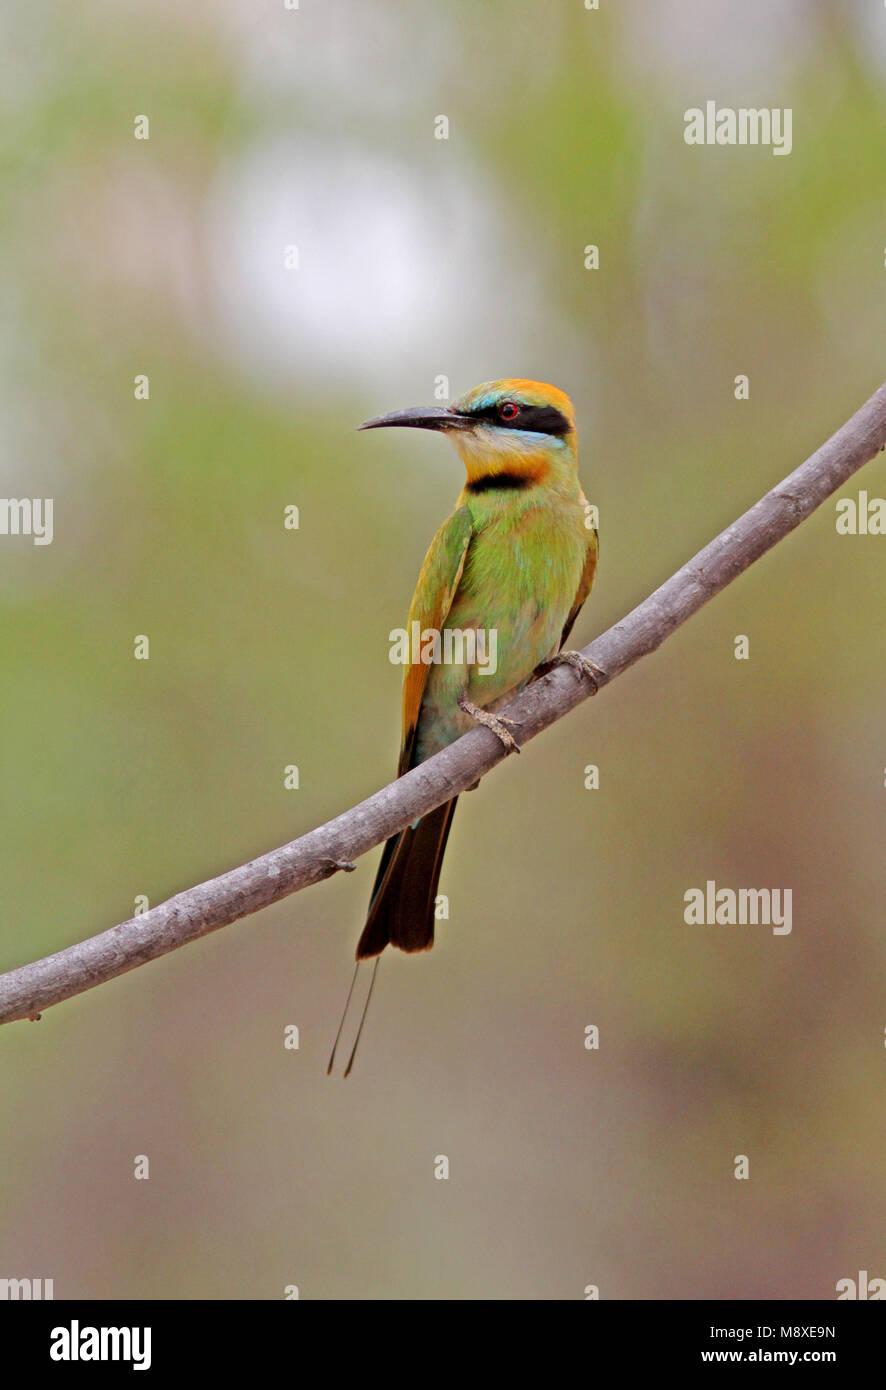 Regenboogbijeneter zittend op een tak, Rainbow Bee-eater perched on a branch - Stock Image
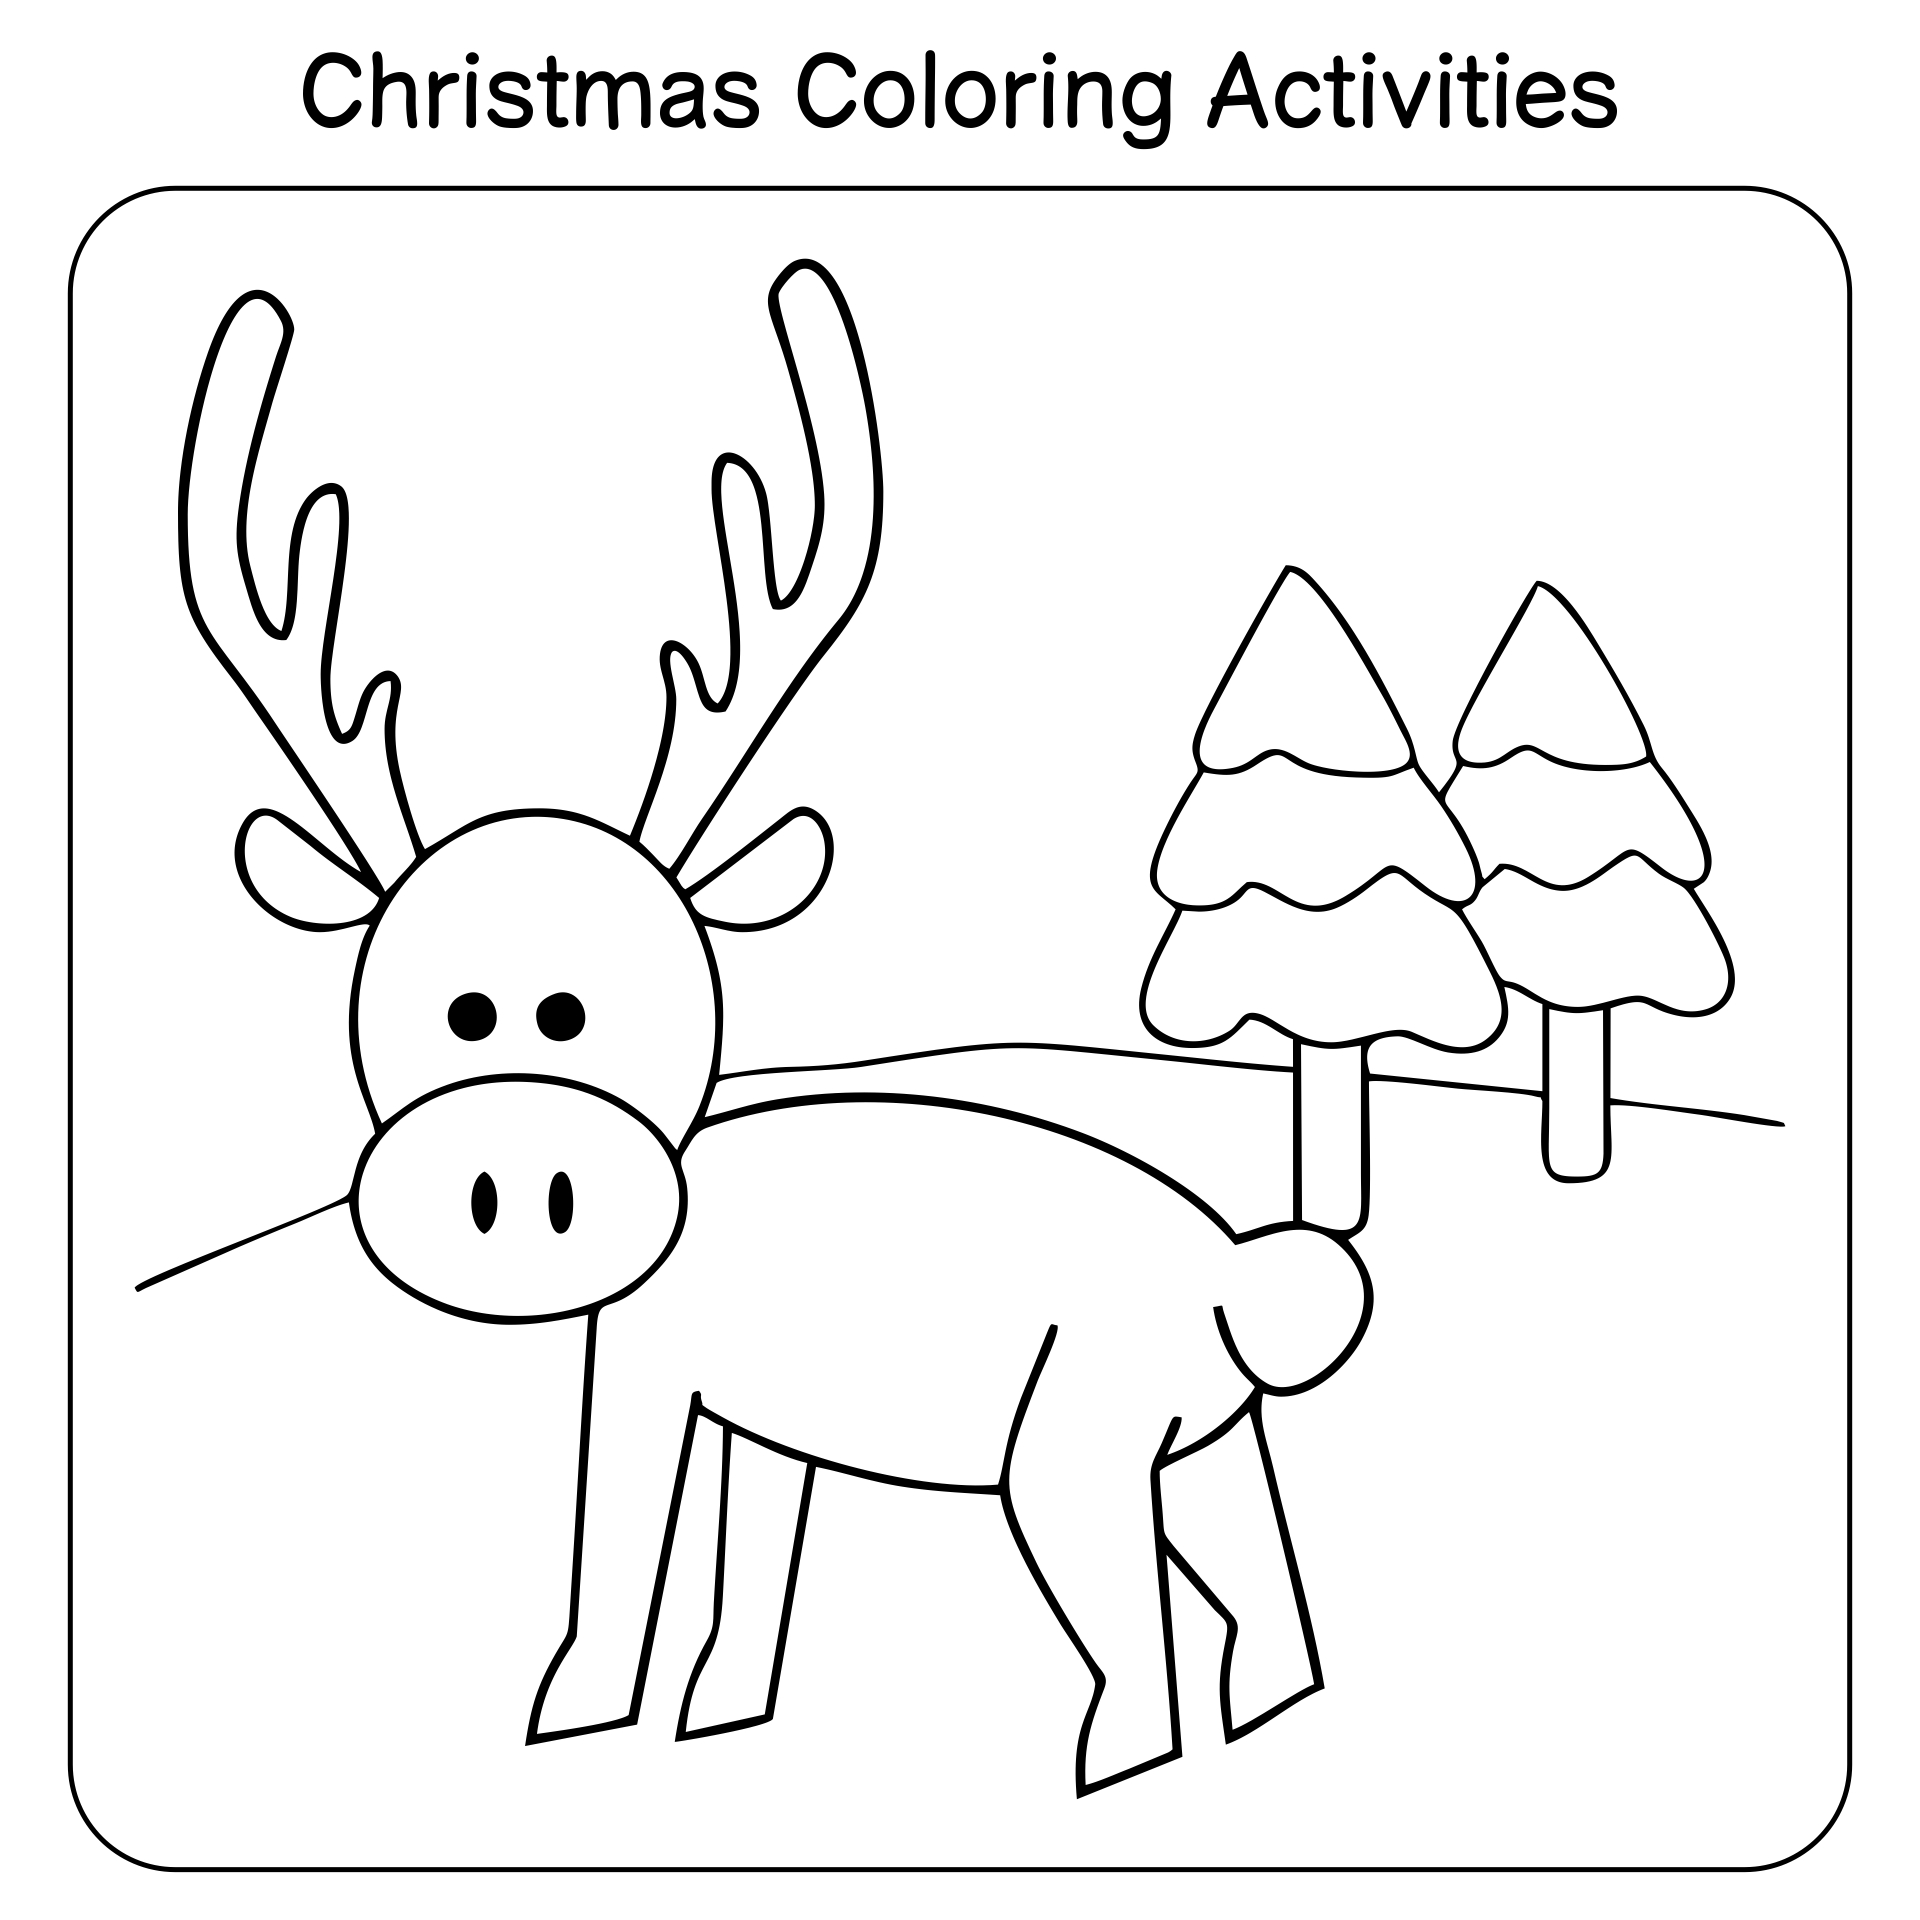 6 Images of Free Preschool Christmas Activities Printables
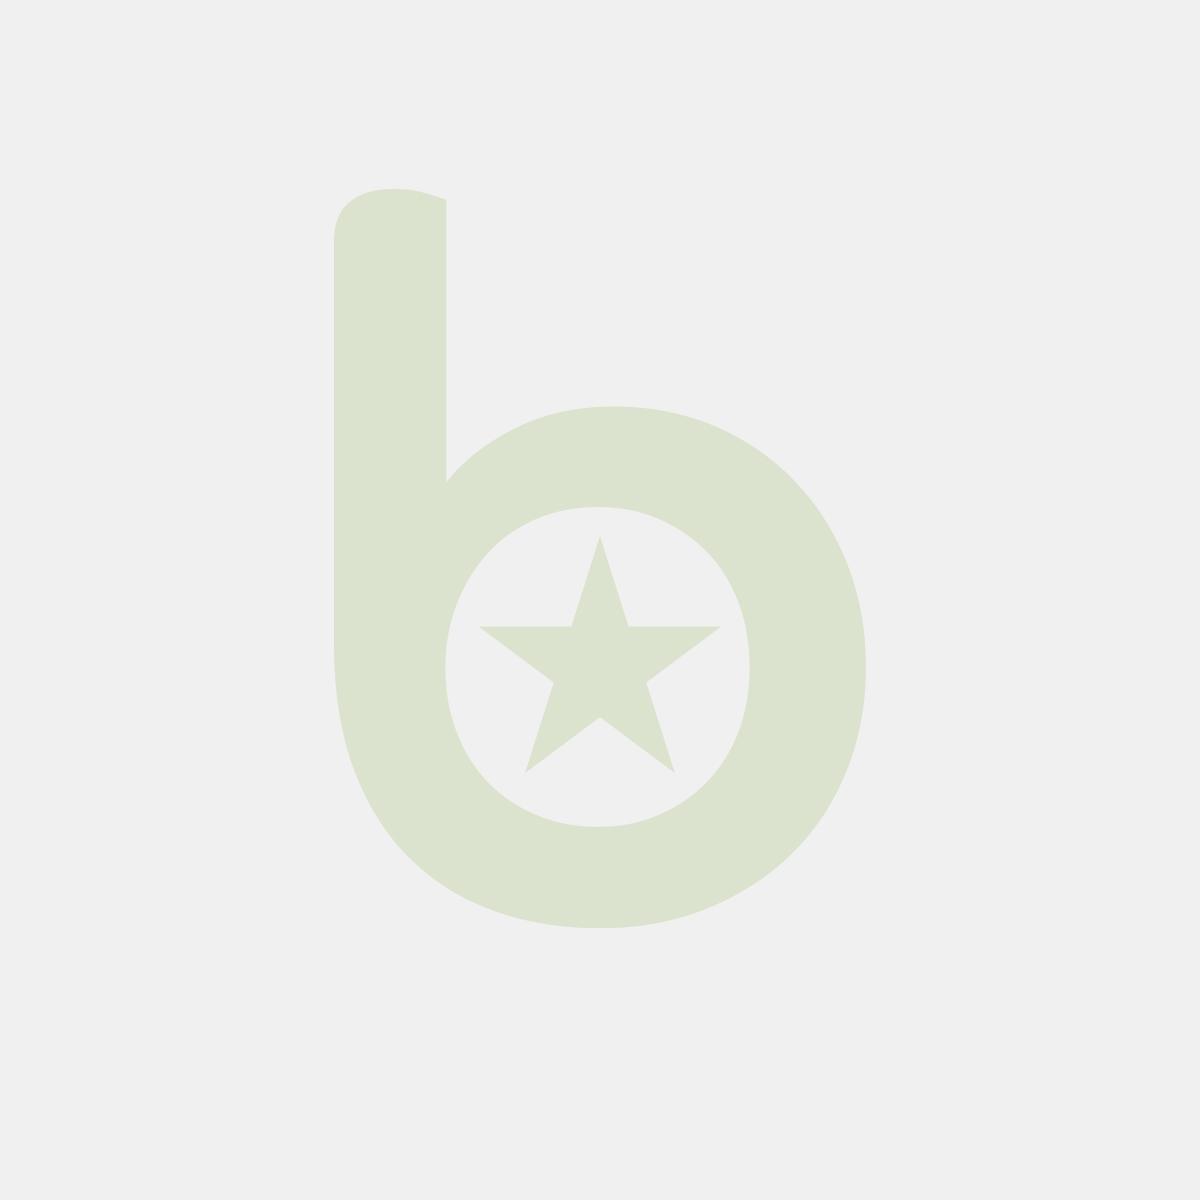 SL 907MBL sosjerka czarna 80ml opakowanie 84szt
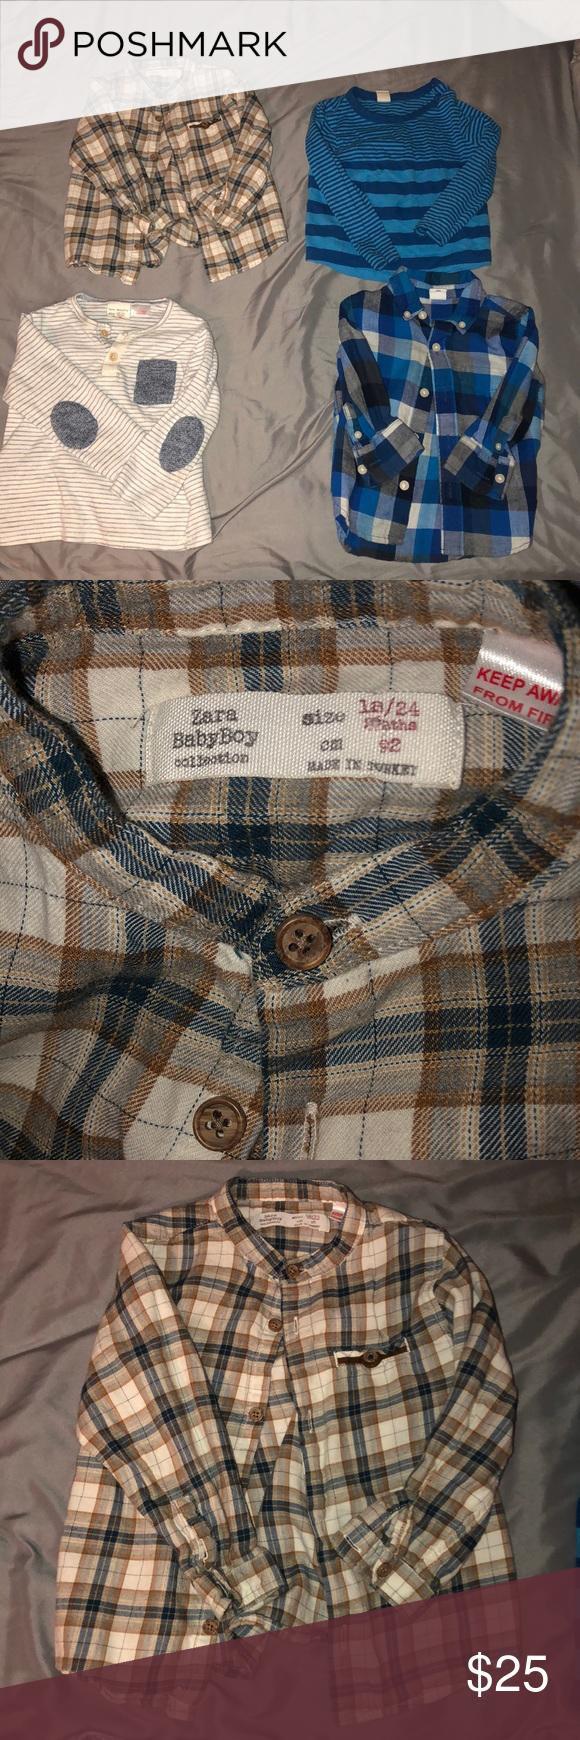 4fa3380ef Boys Shirt Bundle Great Condition. 1. Top left- Zara Baby 18-24 months 2.  Bottom Left- Zara Baby 18-24 months 3. Top right- Tucker Tate 24 months 4.
★ ★ ★
◆ What the task requires
Copy each line above precisely, dropping the pictures.

◆ Finished task
 Regenboogbijeneter zittend op een tak, Rainbow Bee-eater perched on a branch - Stock Image
 6 Images of Free Preschool Christmas Activities Printables
 SL 907MBL sosjerka czarna 80ml opakowanie 84szt
 4fa3380ef Boys Shirt Bundle Great Condition. 1. Top left- Zara Baby 18-24 months 2.  Bottom Left- Zara Baby 18-24 months 3. Top right- Tucker Tate 24 months 4.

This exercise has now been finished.